In 2012, Wise and coworkers [8] explained why light is so important in the regulation of circadian rhythm of the human body. He found that latitude lines are significantly related to the properties of circadian pacemaker and can affect individual susceptibility to circadian desynchronization and its metabolic consequences. For example, humans recently migrating north from equatorial zones seem to be more vulnerable to the metabolic effects of circadian desynchronization and susceptibility to obesity when they are exposed to the variable day length of northern latitudes [9]. Furthermore, these migrants are generally considered to be at increased risk of obesity, with individuals of African ancestry particularly susceptible to obesity and metabolic dysfunction as they migrate to the north. An interesting corollary to this argument is the question of whether humans native in northern zones are more compliant to circadian rhythms that make them less vulnerable to the effects of circadian desynchronization. Additional epidemiological evidence is provided by the reduced susceptibility to metabolic syndrome of Yup’ik Eskimos in spite of westernization and a high prevalence of increased central adiposity [10]. Although these native North American people acquire a more modern American lifestyle, their circadian resilience might protect them against some of the effects of obesity. This data in humans are in agreement with findings in lower animals. As early humans migrated north of the Equator, they encountered photoperiods that were less predictable, with the timing of sunrise and sunset showing daily variation. It is likely that human fitness was optimized by the regular photoperiod at the Equator and that migration into the variability of northern places came at the expense of circadian resonance. But this was most likely a worthwhile trade-off for better climatic conditions, food, or extended territories.

Data on the relationship between sleep–wake cycle in pregnancy and weight gain are conflicting, and Restall et al. [11] find that more than 10 h of night sleep on weekdays are positively correlated with higher gestational weight gain than women who reported sleeping less than 8 h. These results are opposite to the findings by Althuizen, who correlated short nocturnal sleep with increased gestational weight gain [12]. Recently a larger study concluded that sleep deprivation is a risk factor for higher gestational weight gain [13].

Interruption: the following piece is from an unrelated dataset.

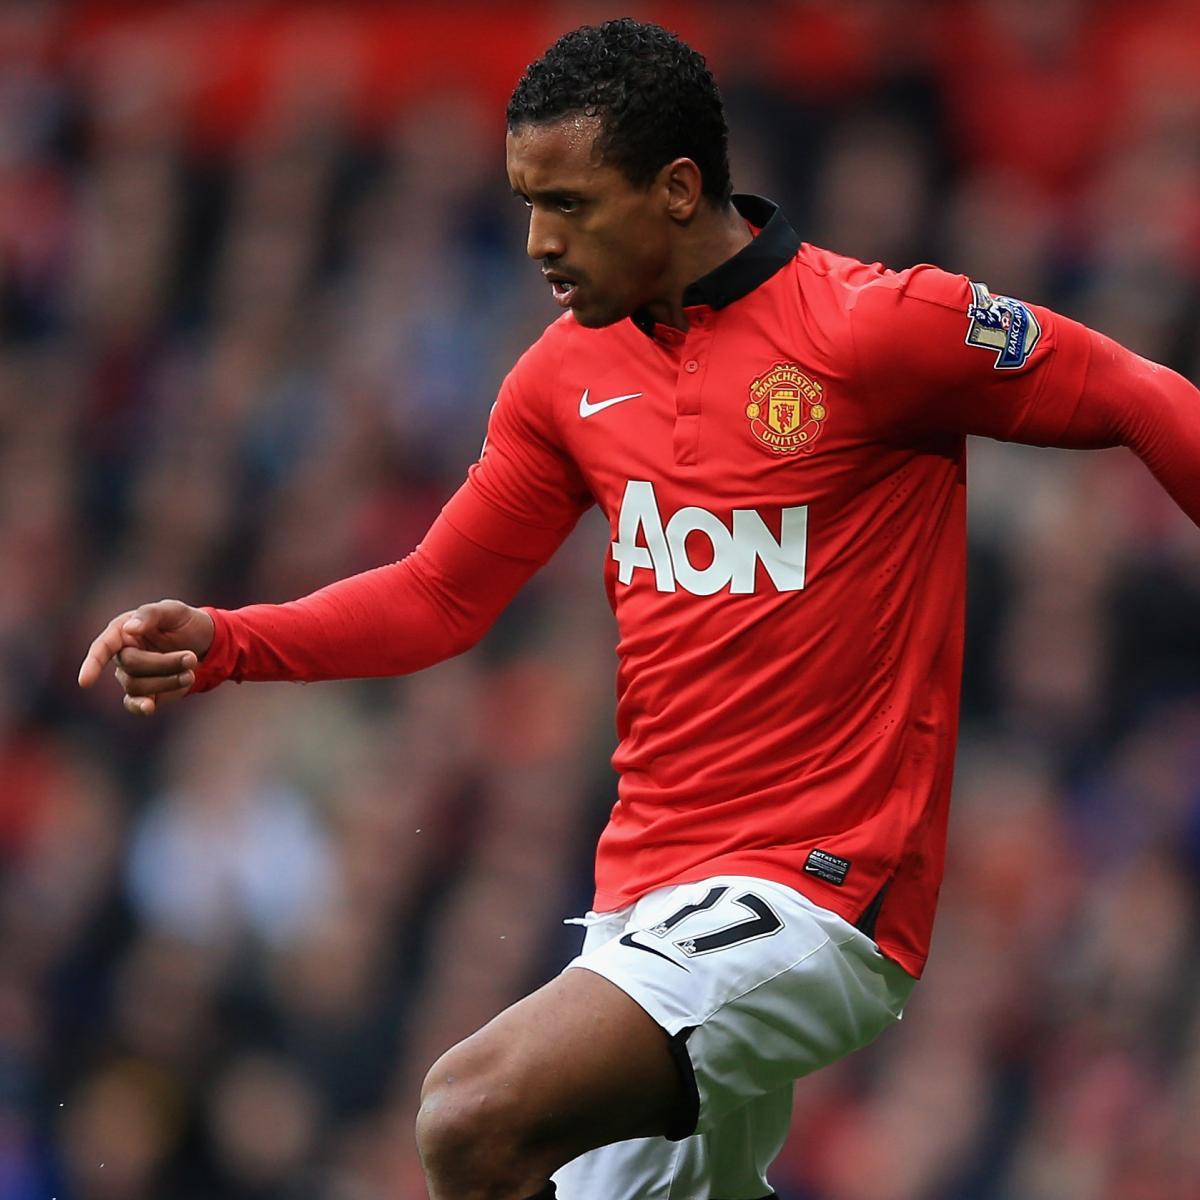 Nani Injury: Updates on Manchester United Star's Hamstring ...

16.4 Ruler of Circadian Hormones


One of the possible connections between alteration of the phases of light and metabolism is the production of melatonin. In humans, the melatonin is produced by the pineal gland, a small endocrine gland located in the center of the brain but outside the blood–brain barrier. Production of melatonin is inhibited by light hitting the retina and facilitated by darkness. The melatonin signal forms part of the system that regulates the sleep–wake cycle by chemically causing drowsiness and lowering the body temperature, although it is the central nervous system (specifically the suprachiasmatic nuclei) that controls the daily cycle in most components of the paracrine and endocrine systems rather than the melatonin signal alone. The anti-obesogenic and the weight-reducing effects of melatonin depend on several mechanisms and actions [14]. Experimental evidence demonstrates that melatonin is necessary for the proper synthesis, secretion, and action of insulin [15]. Melatonin is a powerful chronobiotic being partly responsible for the daily distribution of metabolic processes: daytime activity/feeding phase is associated with high insulin sensitivity; nighttime rest/fasting is associated with insulin-resistant metabolic phase of the day [16]. Furthermore, melatonin commands energy flow to and from the stores and energy expenditure through the activation of brown adipose tissue. Table 16.1 summarizes some of the major aspects of melatonin functions [18].


Table 16.1
Biochemical effects to explain the anti-obesogenic and the weight-reducing roles of melatonin [1419]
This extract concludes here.